UNTIL THAT DAY COMES

Until That Day ComesI have never been one to believe in the “frou frou” kind of love, but I have been one to want. Some may argue that to want is to want love and so people like myself live in self-denial. I probably do live in self-denial most of the day and by the time night rolls around, I am sound asleep, paying long visits to dream land and still in self-denial. That was until today. Although, I am close to 30 and would probably never admit to that age in public, I woke up an entirely different person today, as if reborn. But before I tell you about today, you need to know about yesterday because I wouldn’t be sitting here tapping away on my keyboard today if yesterday didn’t happen.

It was one of those evenings where friends get together to de-stress come midweek. Of course with a few drinks and hor d’oeuvres, voices tend to become louder and egos expand. My intelligentsia friends and I were set apart from the rest of the group at Jazzville. There was a unanimous vote on what to start the evening’s conversation with. Prime-time television had been interrupted at 9pm the day before for an impromptu speech from the East Wing of the White House. The President had something to tell the nation but the nation wanted to watch their favorite shows. At least, the nation at my table. Syria, Russia, chemical weapons, war, peace, George Bush, Afghanistan, Congress… Those words flew back and forth within our intimate group as if they were possible answers to that never ending puzzle.

There were a couple with strong opinions on what the USA stands for on the world’s scene and there was that one person who turned every strong assertion into a comedy detour.
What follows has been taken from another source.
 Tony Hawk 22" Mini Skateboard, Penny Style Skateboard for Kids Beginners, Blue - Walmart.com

This was the kind of company I enjoyed keeping, serious-minded yet lighthearted. As I looked around that evening past the devoured plates and half-filled glasses, a smile of contentment began to spread from the valley of my lips towards the corners of my mouth. I gazed with unabashed admiration into the eyes of my true friends. As if coming out of a trance brought upon by that euphoric moment, I blurted out the words, “I could never live without all of you.”

I received that “where did that come from look” from all of them, which was followed by more laughter. I was the youngest in the group and once again my lack of maturity had unmasked itself publicly. It was typical of me to respond with the widening of my eyeballs and the upward heave of my shoulders as a sign of I can’t help my age. However, things were different that evening. As their laughter ebbed away, it dawned on me that 30 years from now, all of my friends may be dead from old age or worse still, from an unforeseen cause of event before old age even sets in. That had never occurred to me before and as I turned off my bedside lamp that night, I knew I was going to kill all of my friends in my sleep.
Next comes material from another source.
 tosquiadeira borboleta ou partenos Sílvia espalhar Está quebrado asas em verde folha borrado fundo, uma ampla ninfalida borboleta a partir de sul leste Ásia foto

Thus, I woke up this morning without any friends or anticipation for our Wednesday evening conversations at Jazzville. I told myself that if I didn’t have dear friends now, I would not want for them when they were all gone and with that began my personal renaissance. I was gradually embracing my new “friendless self”. Eddie Redmayne’s rendering of “Empty Chairs and Empty Tables” from Les Miserables, the movie set the tempo to complement my current state of mind.
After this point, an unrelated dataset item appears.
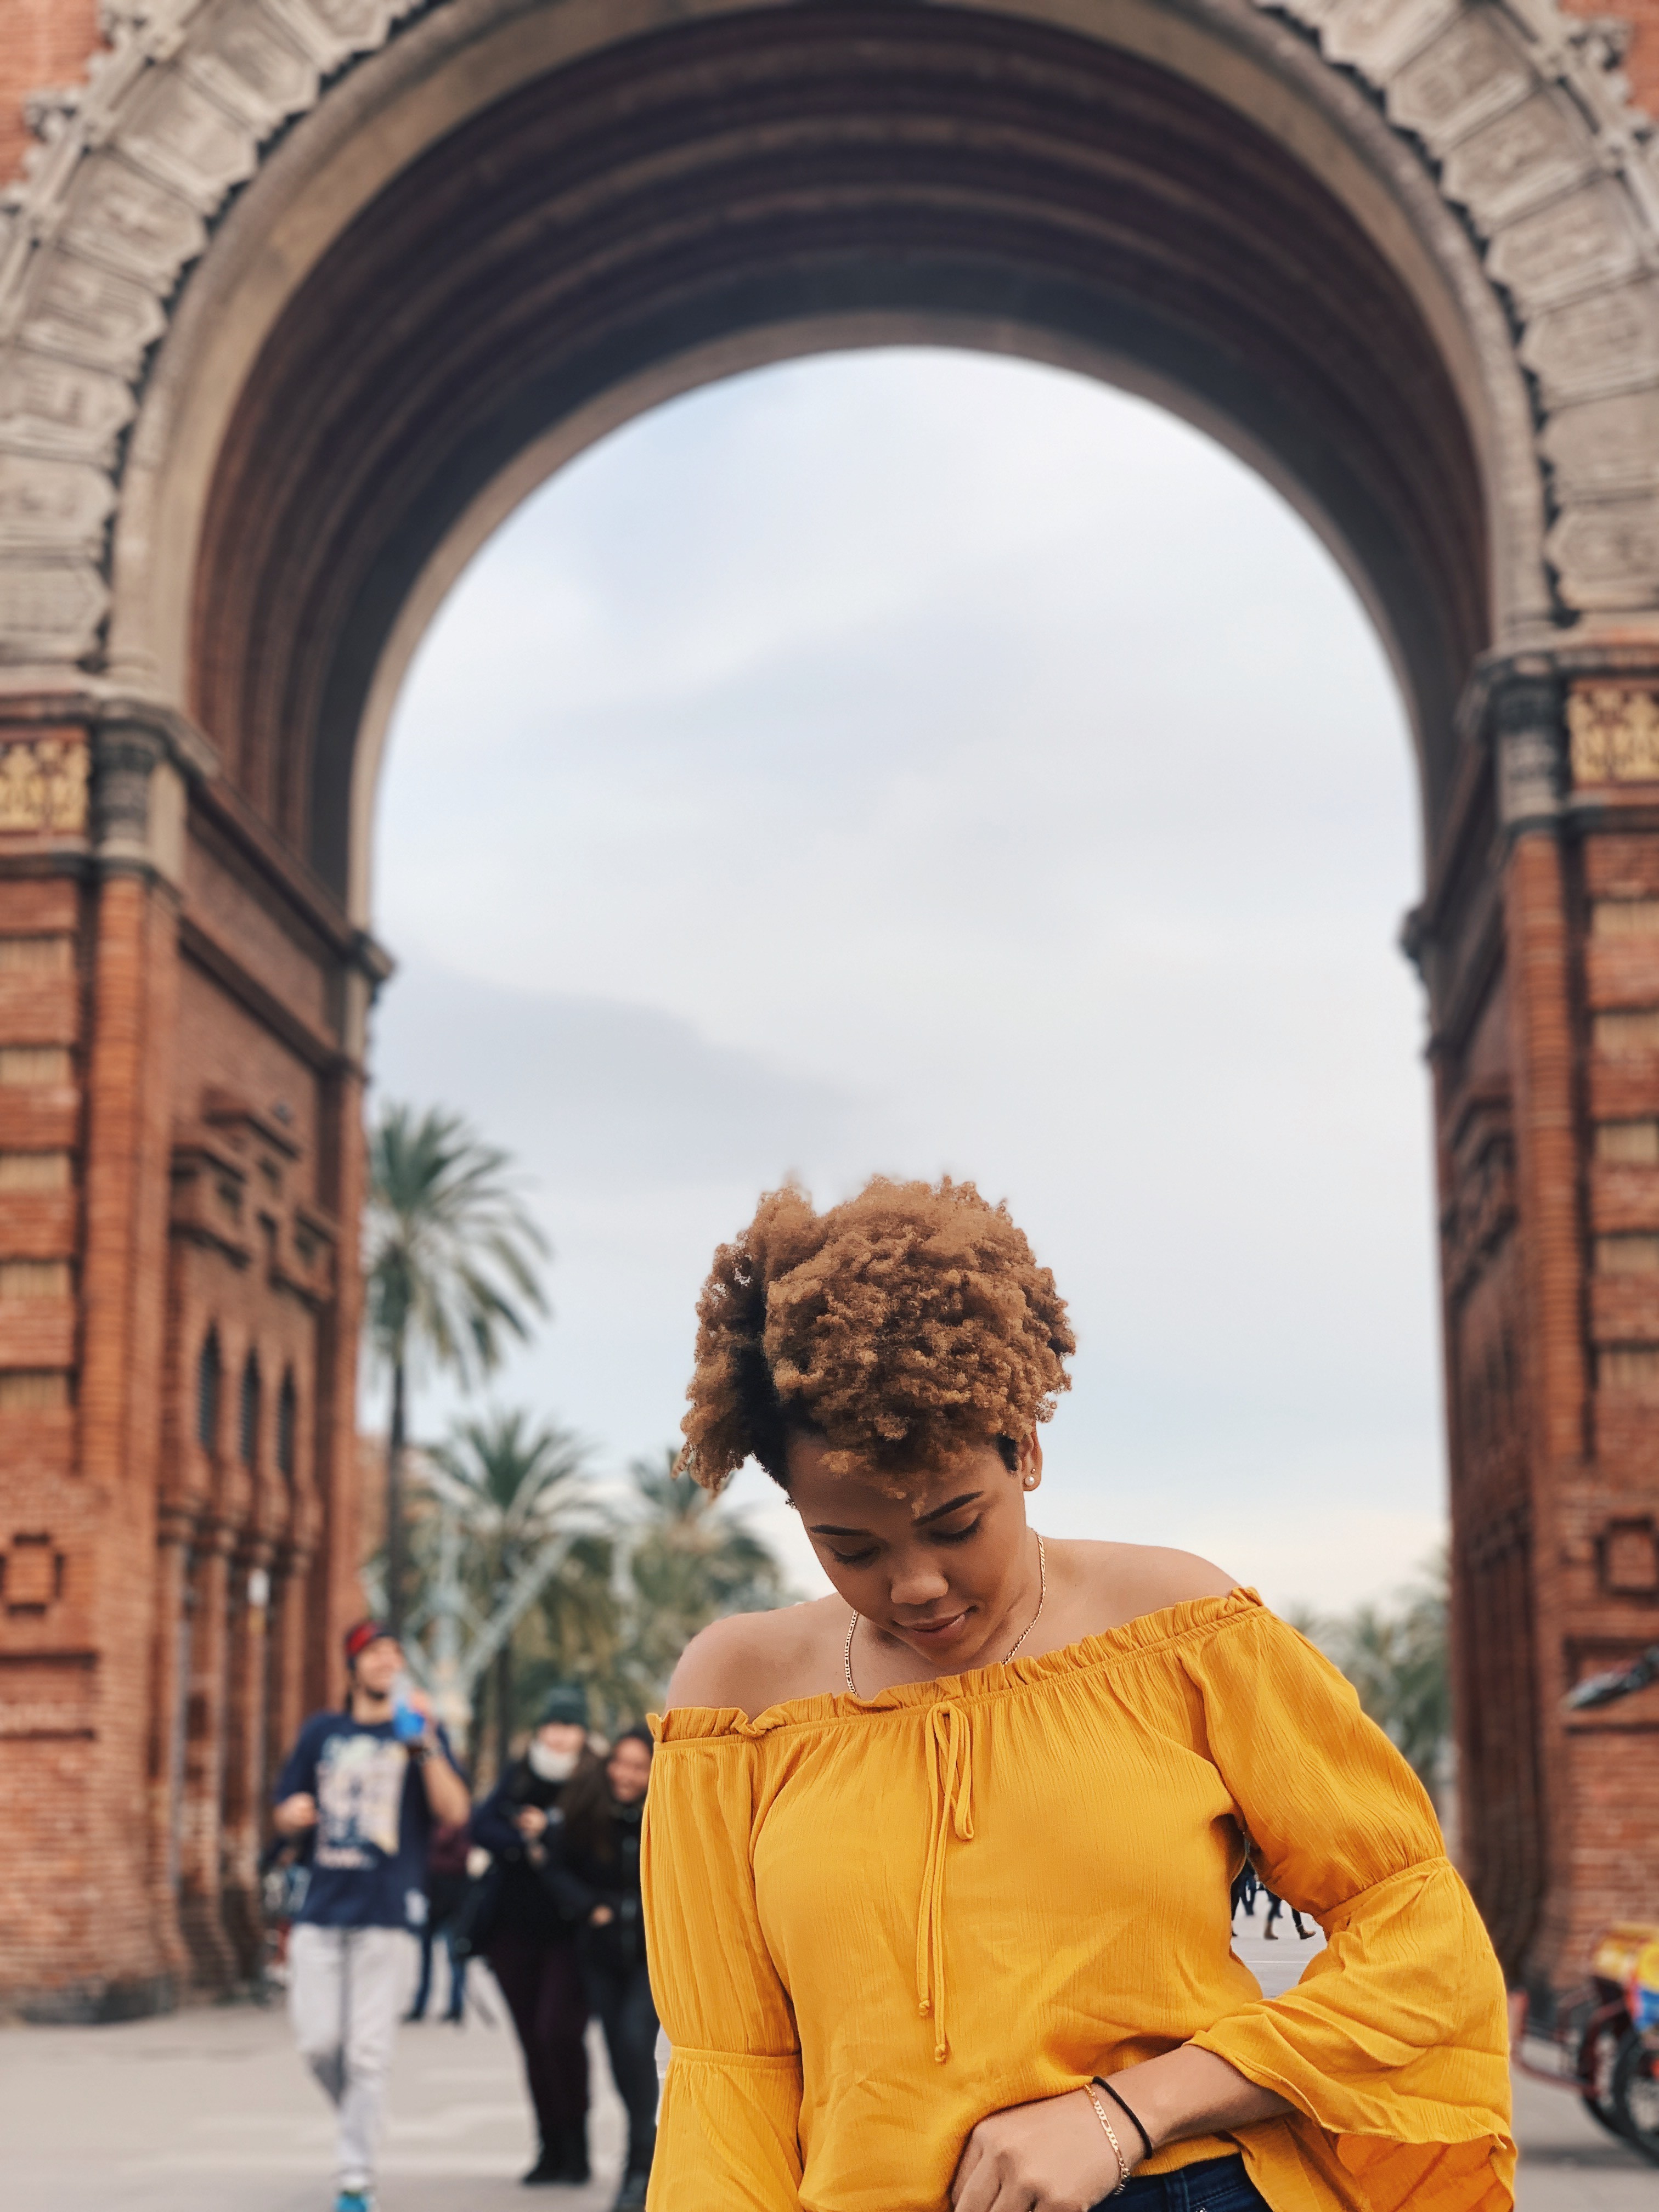 Luzmia Ligonde poses in front of La Sagrada Familia attraction

There’s a grief that can’t be spoken.

There’s a pain goes on and on.

Empty chairs at empty tables

Now my friends are dead and gone.

Here they talked of revolution.

Here it was they lit the flame.

Here they sang about tomorrow

And tomorrow never came.

From the table in the corner

They could see a world reborn

And they rose with voices ringing

And I can hear them now!

The very words that they had sung

Became their last communion

On this lonely barricade at dawn.

Oh my friends, my friends forgive me

That I live and you are gone.

There’s a grief that can’t be spoken.

There’s a pain goes on and on.

Phantom faces at the windows.

Phantom shadows on the floor.

Empty chairs at empty tables

Where my friends will meet no more.

Oh my friends, my friends, don’t ask me

What your sacrifice was for

Empty chairs at empty tables

Where my friends will sing no more.

 As I allow myself to sink deeper into a state of despair, my phone’s ringer goes off. It is a message from Antoine, one of my “newly dead” friends. Have you checked out your Instagram feed? He asks. #tbt is on and there are enough posts to keep you laughing all day.  I pull out of my funk immediately to check out what this is all about. I guess my friends are all back to life now and until that day comes, I will remain the one who wants.